Ironically, the exponential rise in demand for sustainable beauty products has led to widespread unsustainable production of these natural ingredients. The large scale use of organic ingredients in cosmetics involves damaging practices such as the mining of minerals and petroleum based products which not only disrupts ecosystems, but also depletes nonrenewable resources. A prime example of how destructive this façade of sustainability can be is seen with the industry’s rampant utilization of palm oil. Recent years have seen brands heavily promoting the false narrative that is ‘sustainable palm oil’ as an ingredient; to put it simply, a fully sustainable method to farm palm oil does not exist. As the most widely used vegetable oil in the world, its present in everything from ice cream to soap, and you guessed it, makeup too. To match the high global demand for cheaply produced oil, acres of rainforests are being cut down at an alarming rate which endangers a wide range of ecosystems and is highly destructive towards the Earth’s climate due to the abundance of greenhouse gases released. Among the species at risk are orangutans; research indicates that the quest for palm oil has led to the deaths of an estimated 100,000 orangutans over a time period of sixteen years.

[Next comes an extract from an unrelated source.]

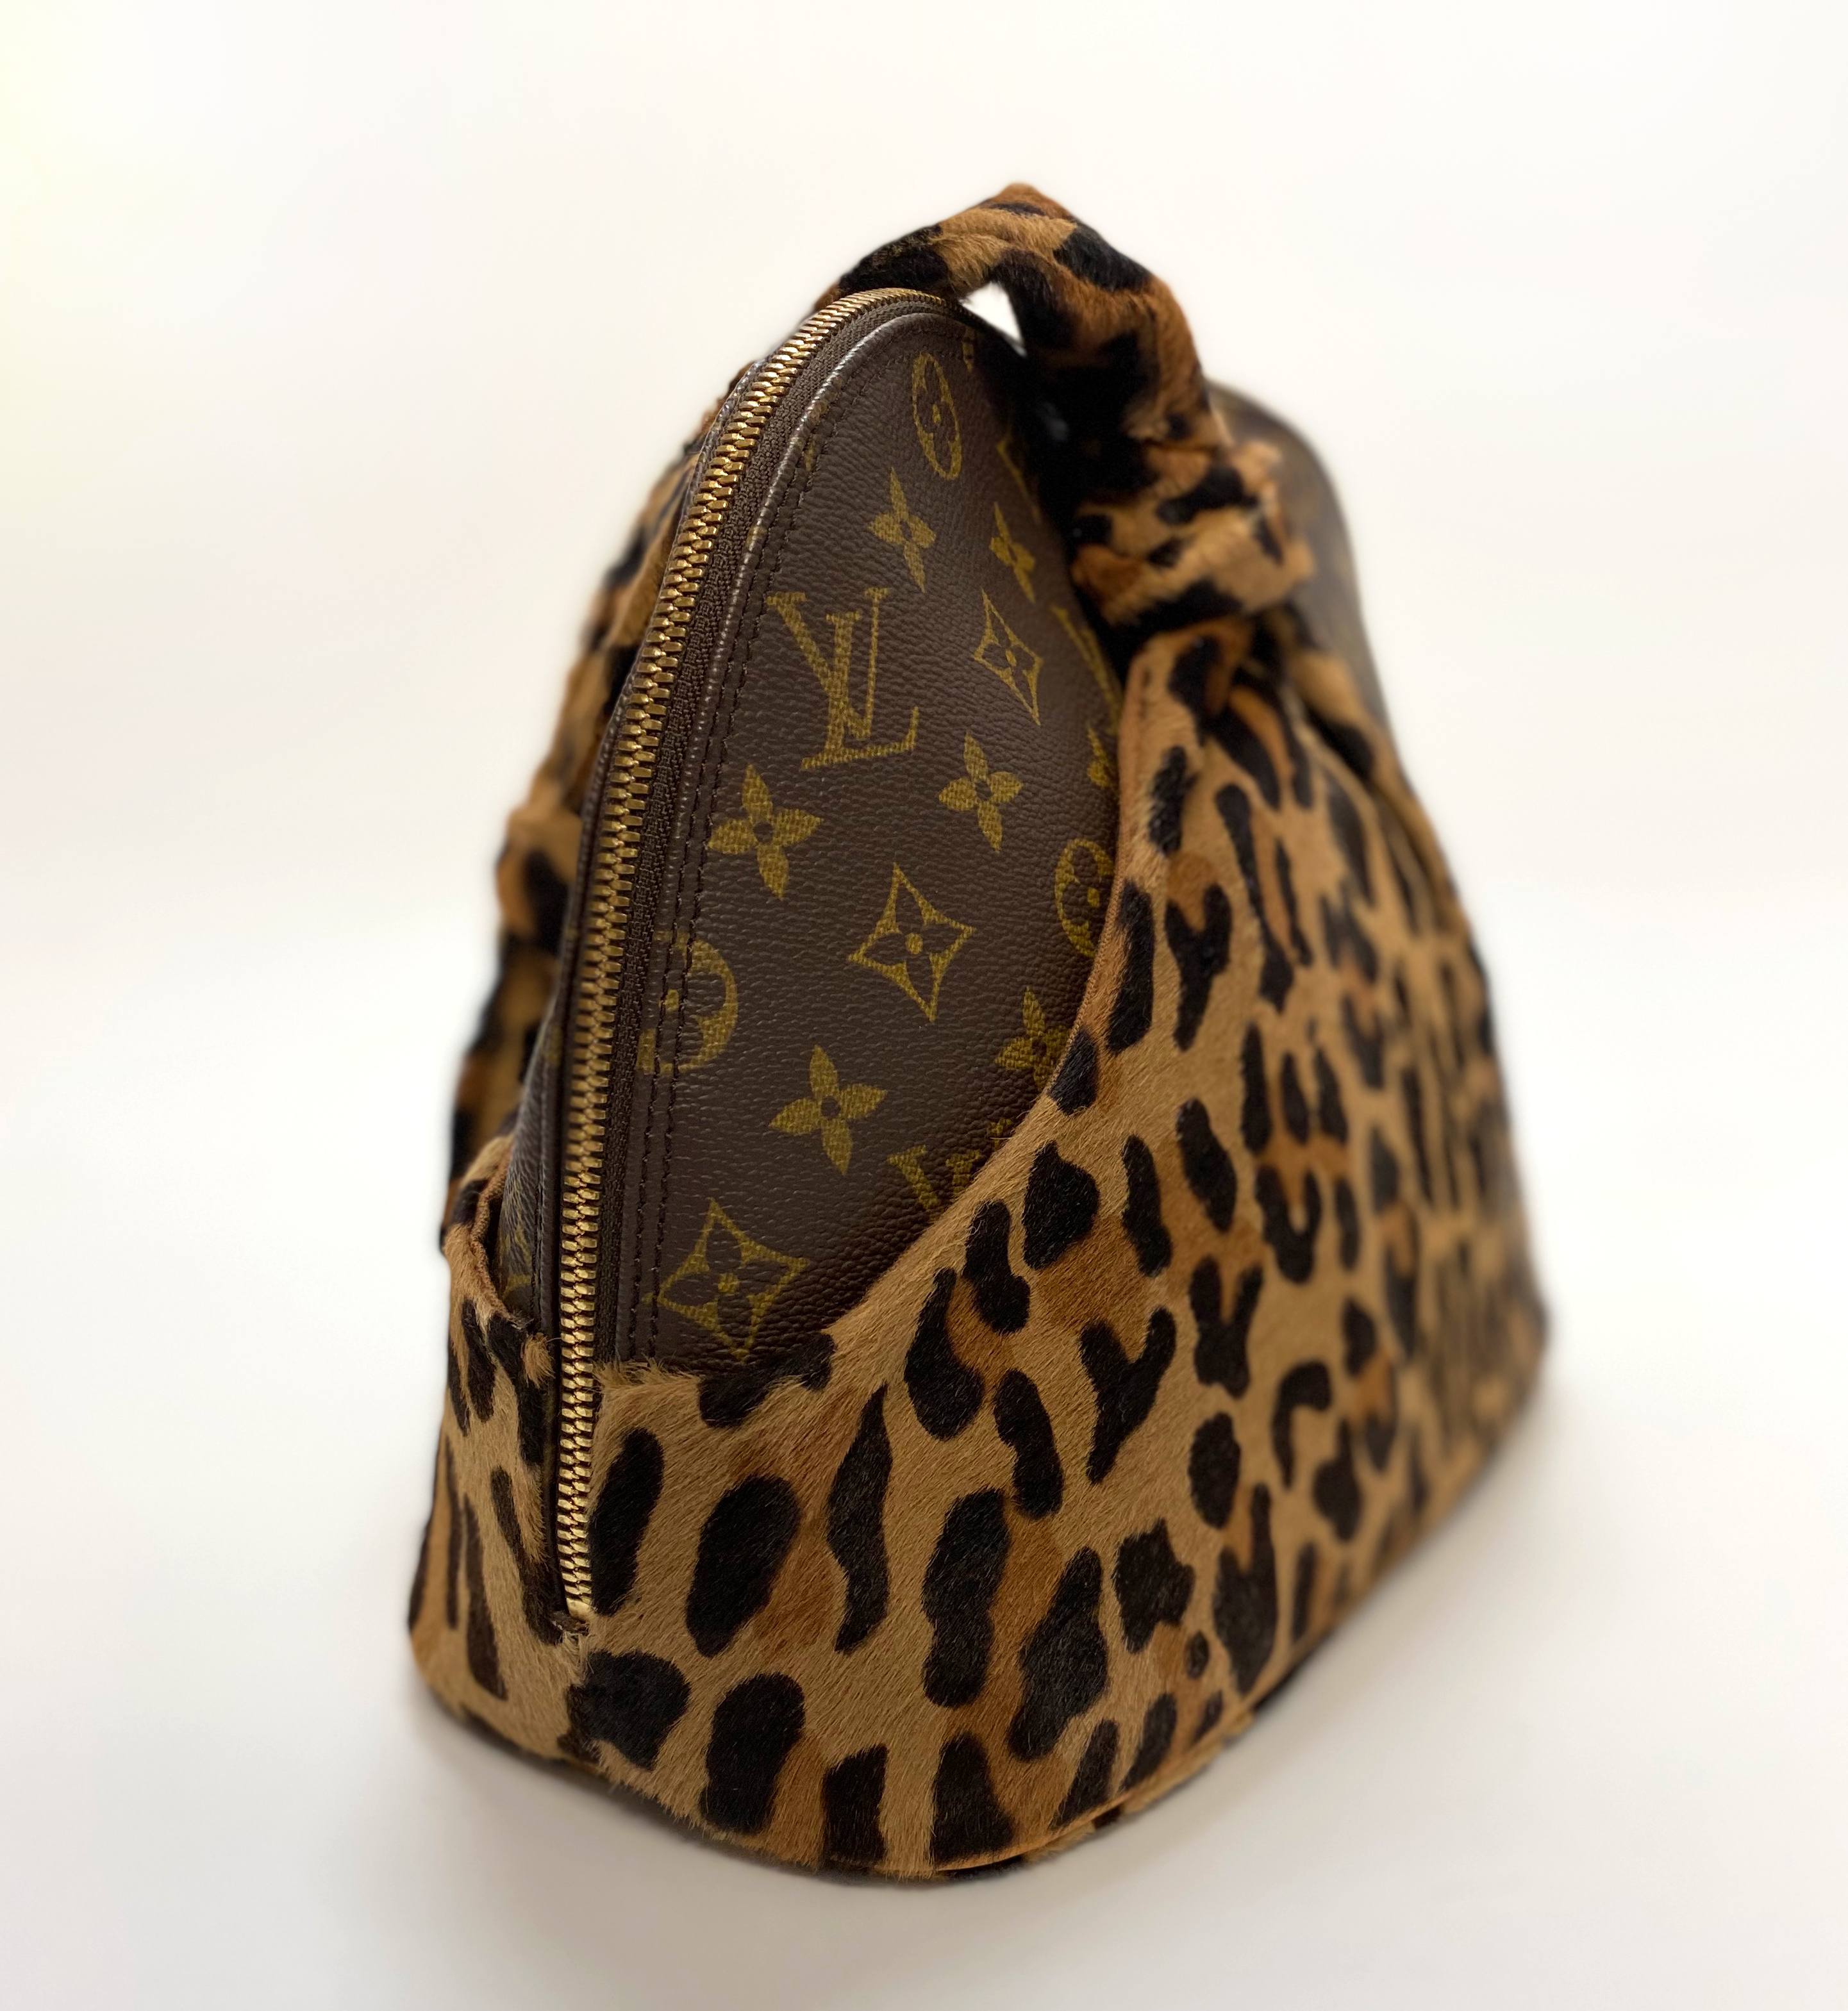 Louis Vuitton x Azzedine Alaia 'Centenaire' Leopard Alma Bag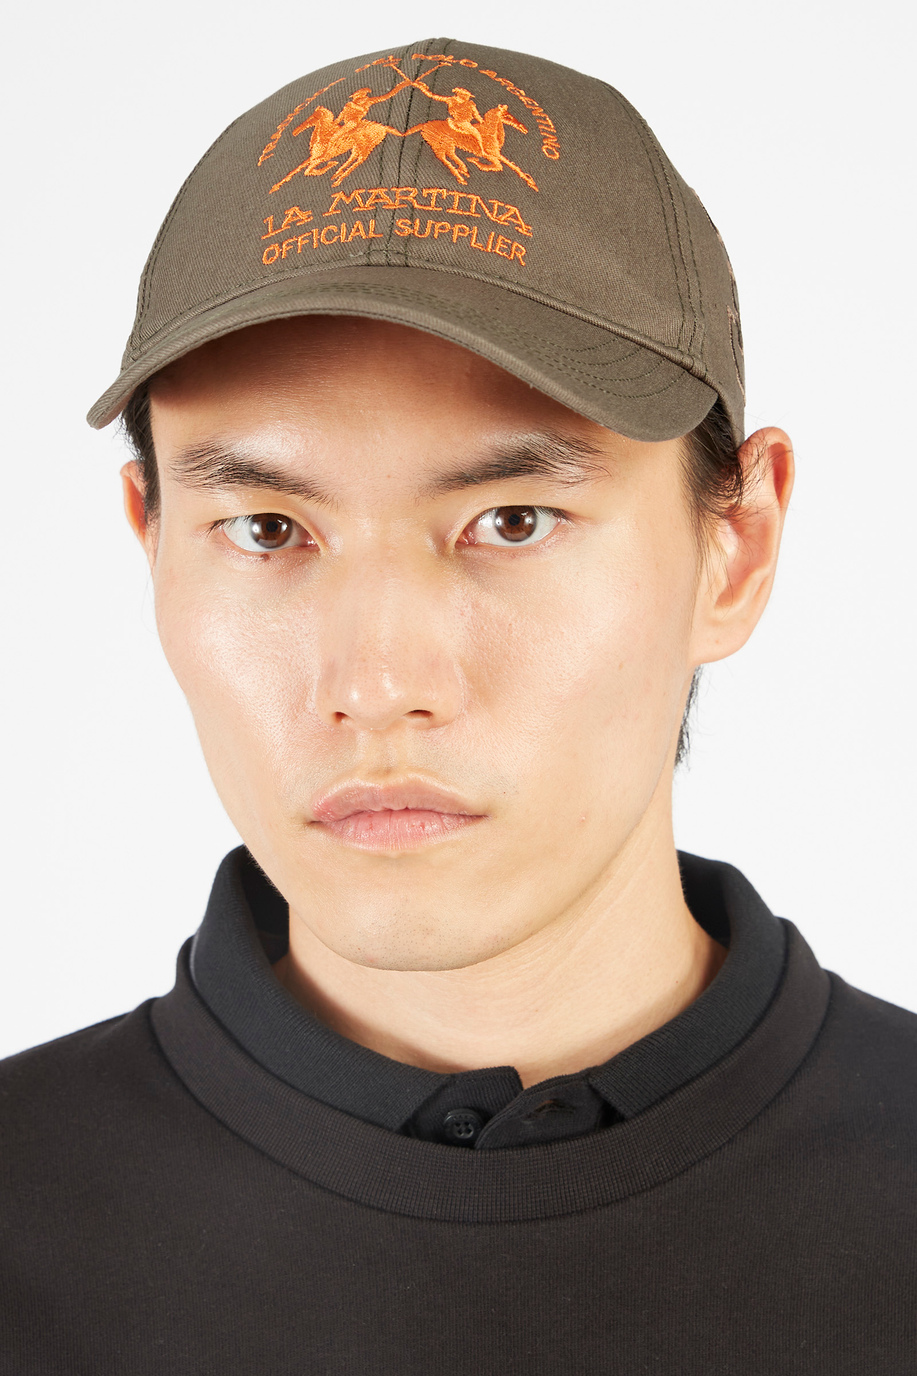 Unisex baseball cap with adjustable regular fit closure - Gifts under €75 for him | La Martina - Official Online Shop

So what can you, as a consumer, do about this? There are definitely ways to both enjoy makeup for what it is and help the environment. Be aware of your purchasing habits: scan the ingredient lists before buying a product, skip out on products with excessive packaging, use biodegradable glitter for your Euphoria inspired makeup look, avoid products which contain plastic micro-beads, and look into Fair Trade practices and give back initiatives. A little due diligence on an average consumer’s part goes a long way and might push companies within the industry towards actual environment friendly practices. Let’s be a little more mindful of our summer 2020 beauty hauls and do our part for a cleaner and greener future.